* LISTED ENTRIES:
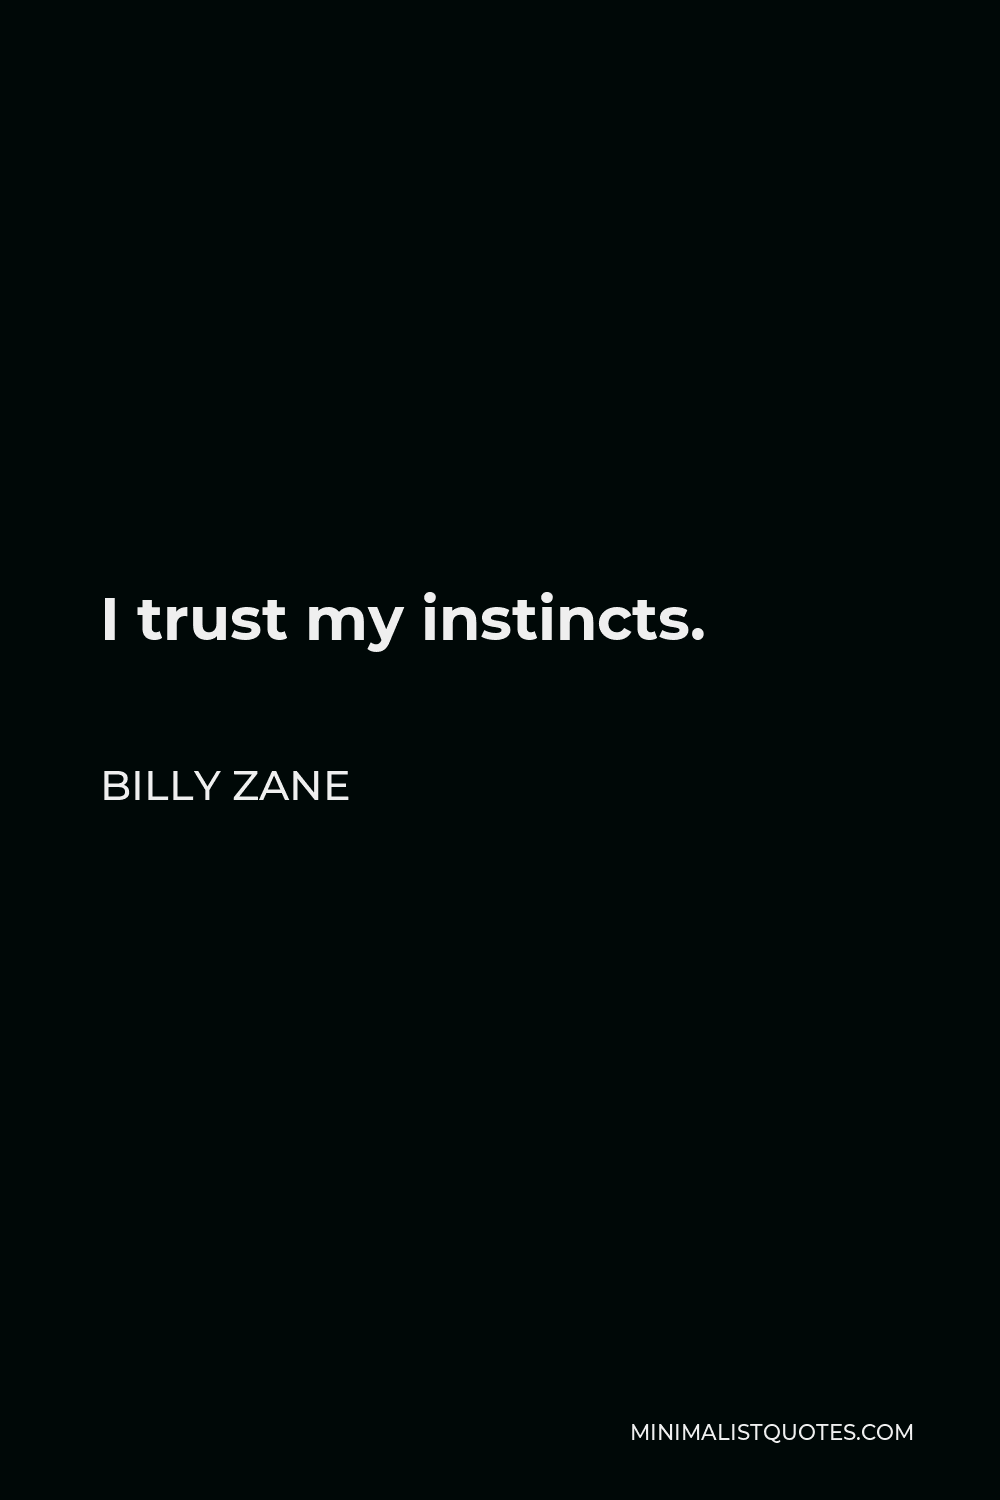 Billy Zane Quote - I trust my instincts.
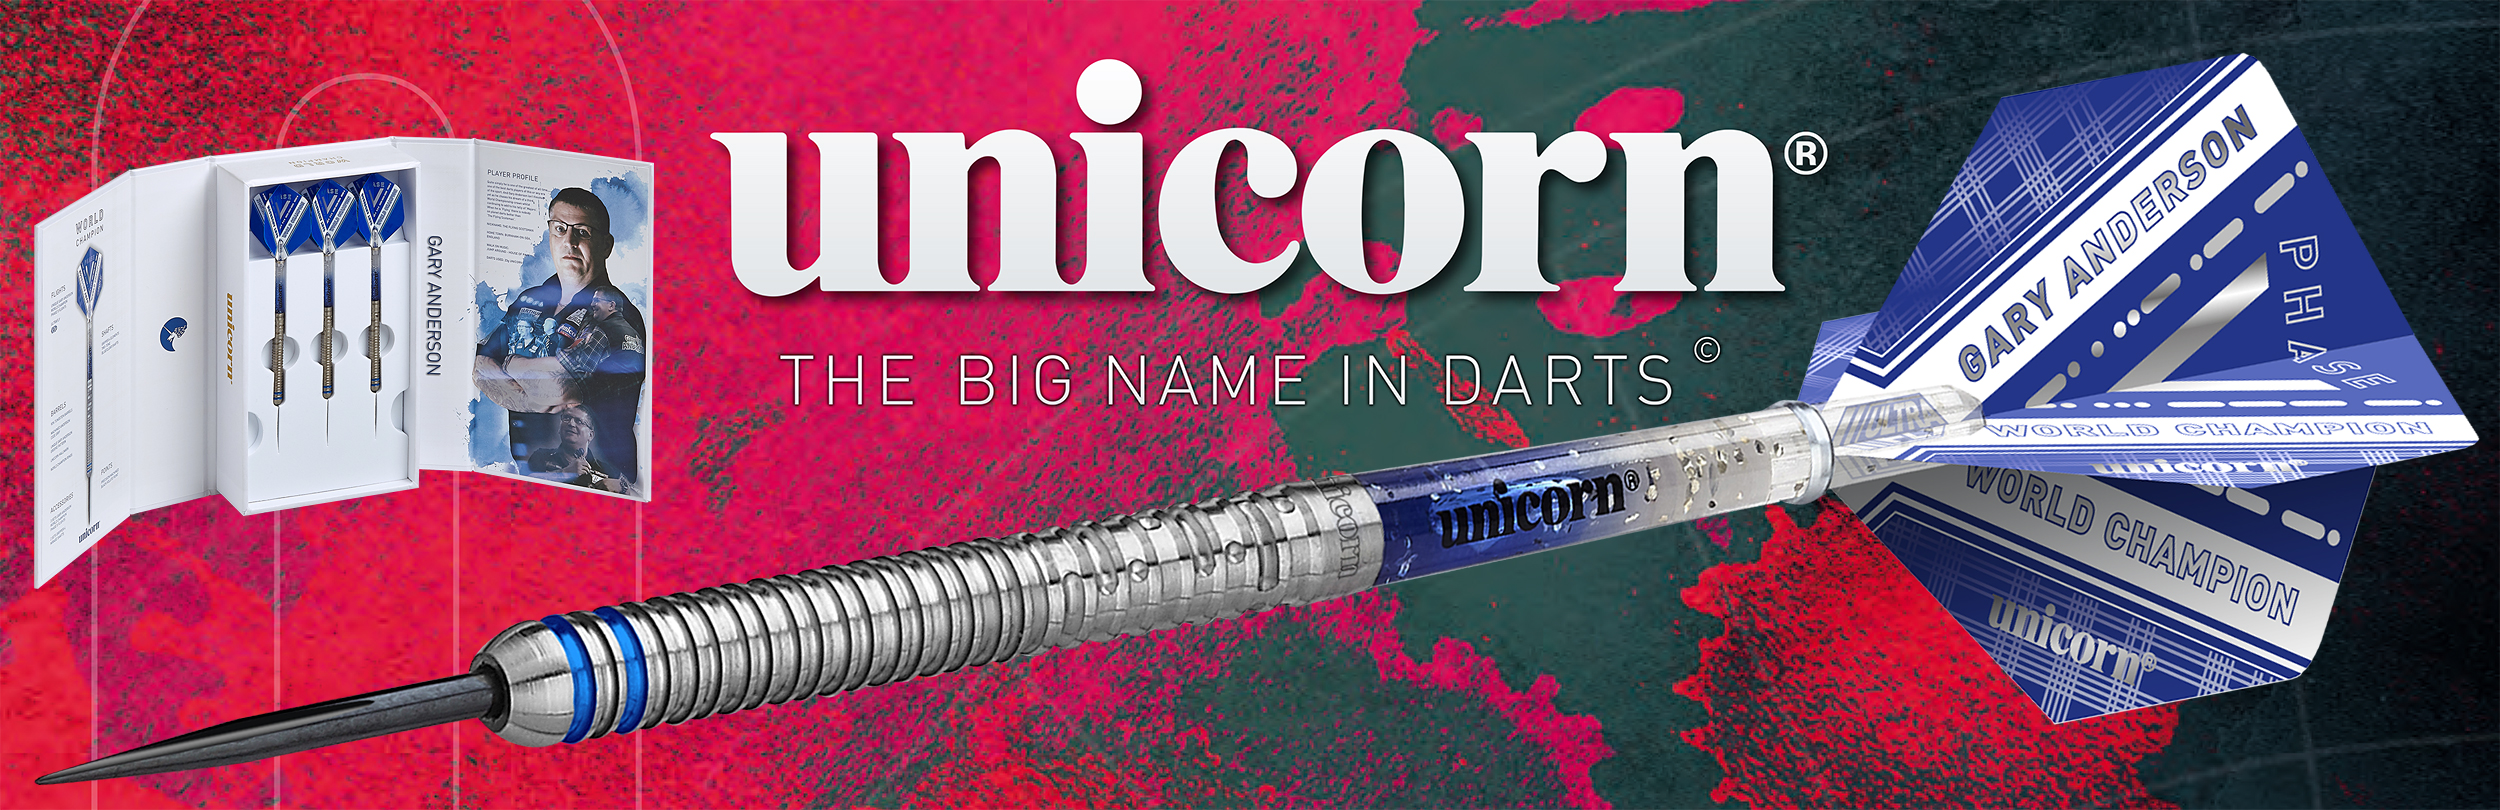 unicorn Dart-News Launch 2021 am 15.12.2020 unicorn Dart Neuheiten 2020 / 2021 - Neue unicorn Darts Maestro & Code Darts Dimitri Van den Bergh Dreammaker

==

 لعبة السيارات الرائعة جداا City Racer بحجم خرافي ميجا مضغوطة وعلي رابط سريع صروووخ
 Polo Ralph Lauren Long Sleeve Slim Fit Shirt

* REQUIRED ACTION: Return exactly the lines above, from the one with "Billy Zane Quote - I trust my instincts." up to and including the one with "unicorn Dart-News Launch", and include no pictures.

* RESULT:
 Billy Zane Quote - I trust my instincts.
 unicorn Dart-News Launch 2021 am 15.12.2020 unicorn Dart Neuheiten 2020 / 2021 - Neue unicorn Darts Maestro & Code Darts Dimitri Van den Bergh Dreammaker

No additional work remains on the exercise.